Summerside adopts recommendations to manage groups using recreational facilities
Recommendations include multi-year agreements, a turf-field improvement fund, rules for non-local groups
After months of work, the City of Summerside, P.E.I., has approved a set of 18 recommendations to manage user fees and discounts for groups using community facilities like sports fields.
At a meeting held on Monday, Coun. Brian McFeely presented an updated report of recommendations that was originally presented to council in January.
The updated recommendations include working with turf field users to determine contributions each group will pay toward a turf field improvement fund.
It's really around trying to be fair, trying to have a framework there.— Brian McFeely
The policy also recommends establishing a new series of user categories to help staff manage fee-waiver requests, which includes community service groups, non-sport recreation groups and private sector groups.
Other new recommendations include restricting the acceptance of late applications for funding as well as establishing rules for groups outside the City of Summerside that apply for community support funding.
"It's really around trying to be fair, trying to have a framework there so everyone knows what the playing rules are," McFeely said.
"That when a group comes and wants to use any of the facilities, there are some guidelines for staff there to apply whatever the fee should be."
Groups outside of Summerside
The policy now includes a recommendation that allows groups from outside of Summerside to apply for community support funding, as long as the organization provides programming within the City of Summerside.
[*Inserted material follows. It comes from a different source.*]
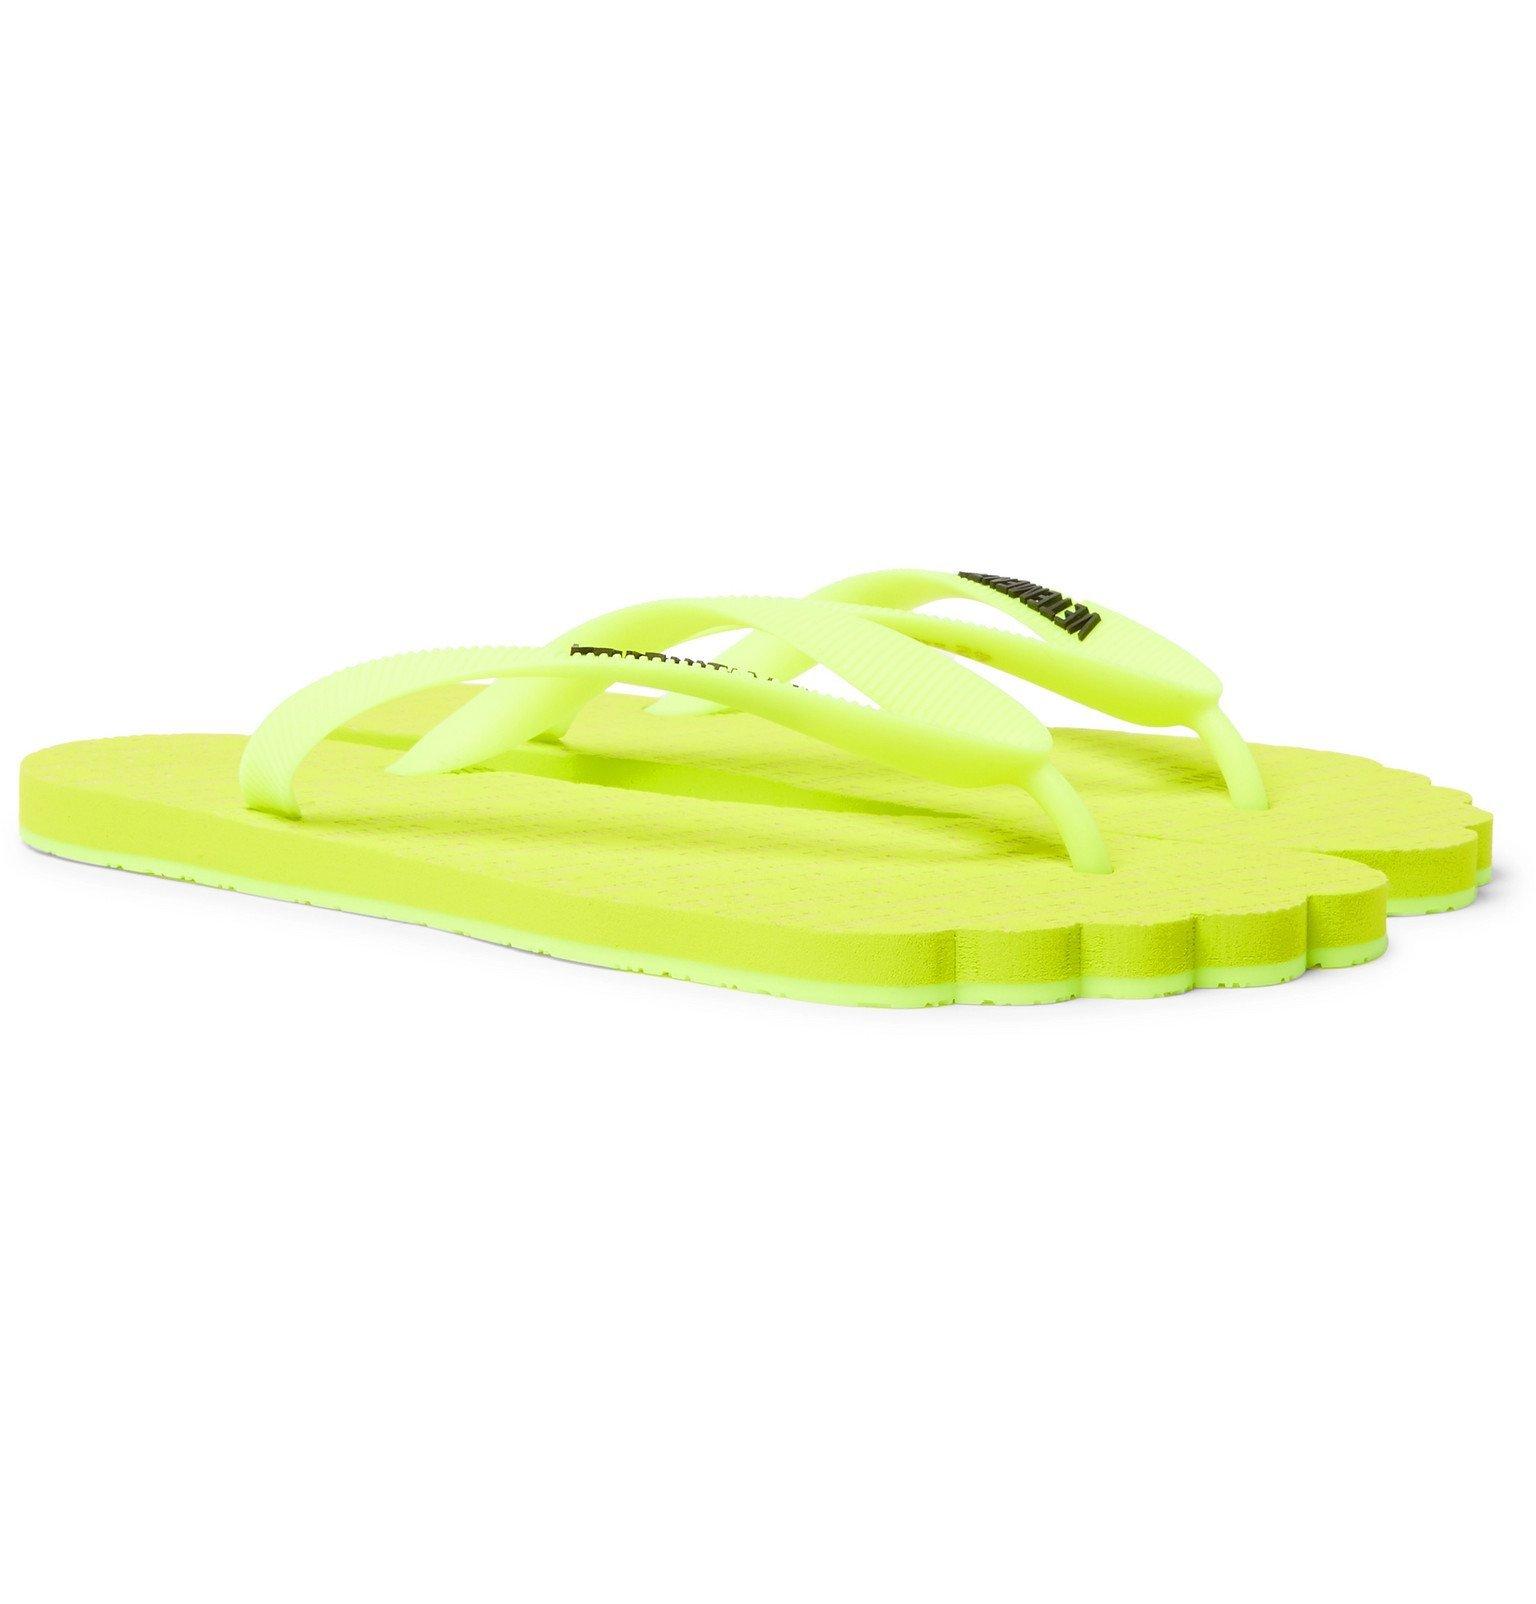 Photo: Vetements - Anatomic Logo-Print Neon Rubber Flip Flops - Yellow
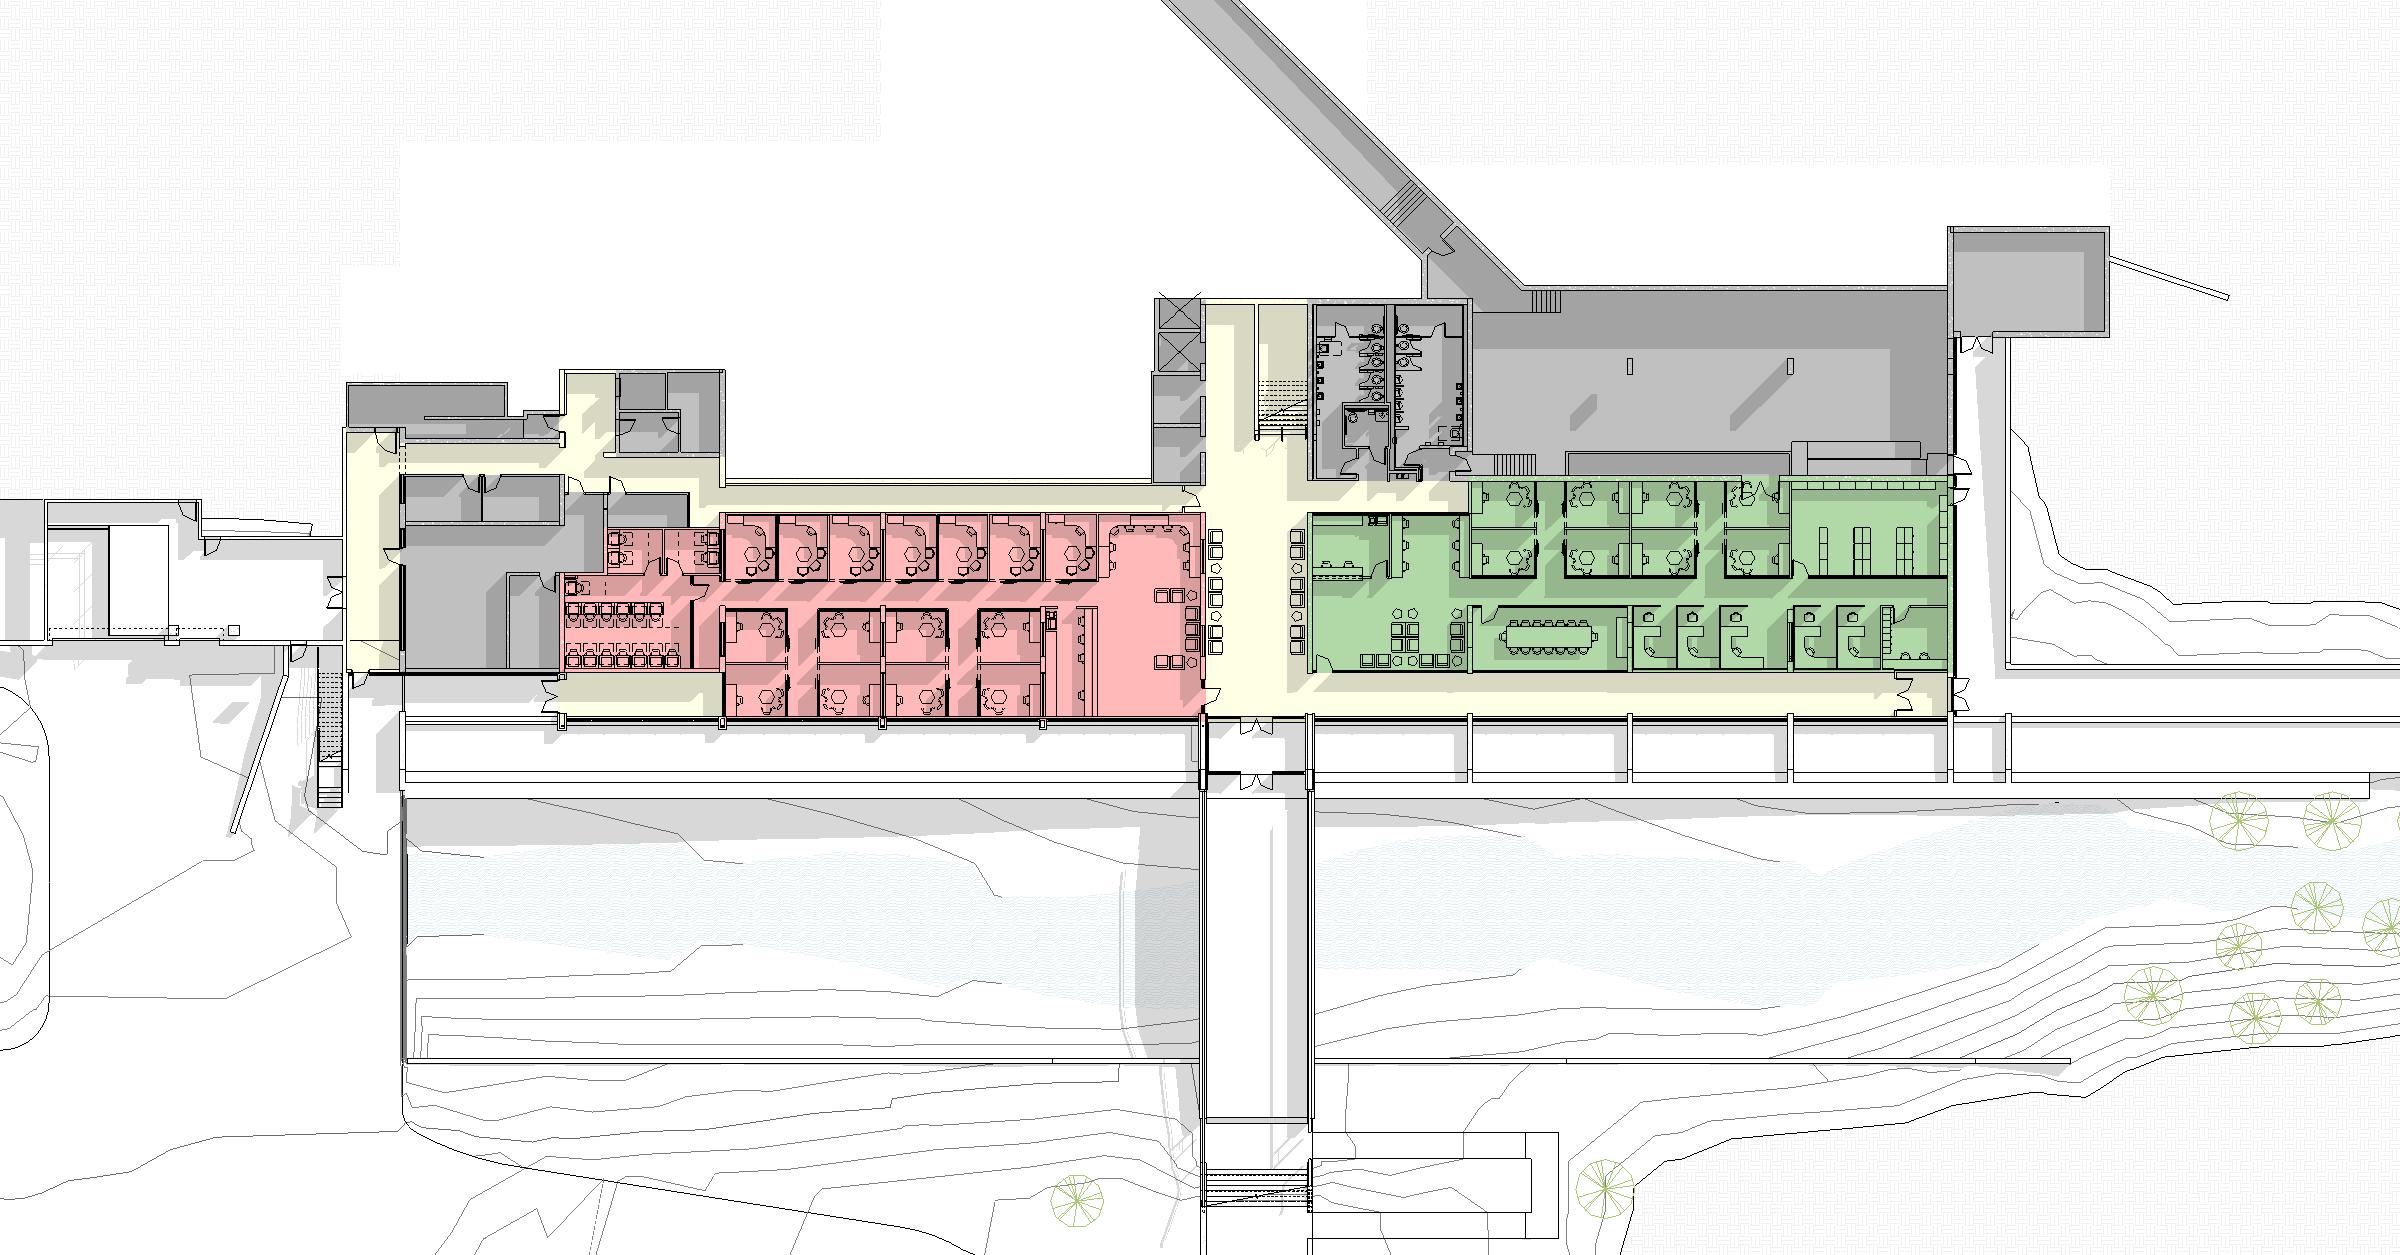 HCC_Level1.png

"Council recognized that there was significant value for some of those applications for residents of the city," McFeely said. "If a group whose head office is in Charlottetown for instance … that wanted to run a program in Summerside for the benefit of Summerside residents, then they would now be eligible for the community sport programs."
The policy recommends that groups representing an outdoor sports team that does not reside in Summerside will have continued use of facilities, including the turf field, ball diamonds, beach volleyball courts, at no cost until the end of the current fiscal year in March 2019.
Multi-year agreements
The policy also recommends establishing multi-year funding agreements with four community organizations offering programs across the city.
The Boys and Girls Club of Summerside and Generation XX are two of the organizations being considered to move from an annual funding renewal process to more individualized multi-year arrangements.
We wanted to kind of find a point here that was fair to users, fair to the city.— Brian McFeely
Council also approved a resolution to transfer its annual funding agreements for the Harbourfront Theatre and the College of Piping to three-year funding models.
McFeely said the new set of recommendations will give staff working at Summerside's recreational facilities a framework to follow when managing groups that use the various recreational services across the city.
"There's so many different kinds of users and there was no sort of blanket policy that you could apply that kind of worked for everybody," McFeely said. "We wanted to kind of find a point here that was fair to users, fair to the city."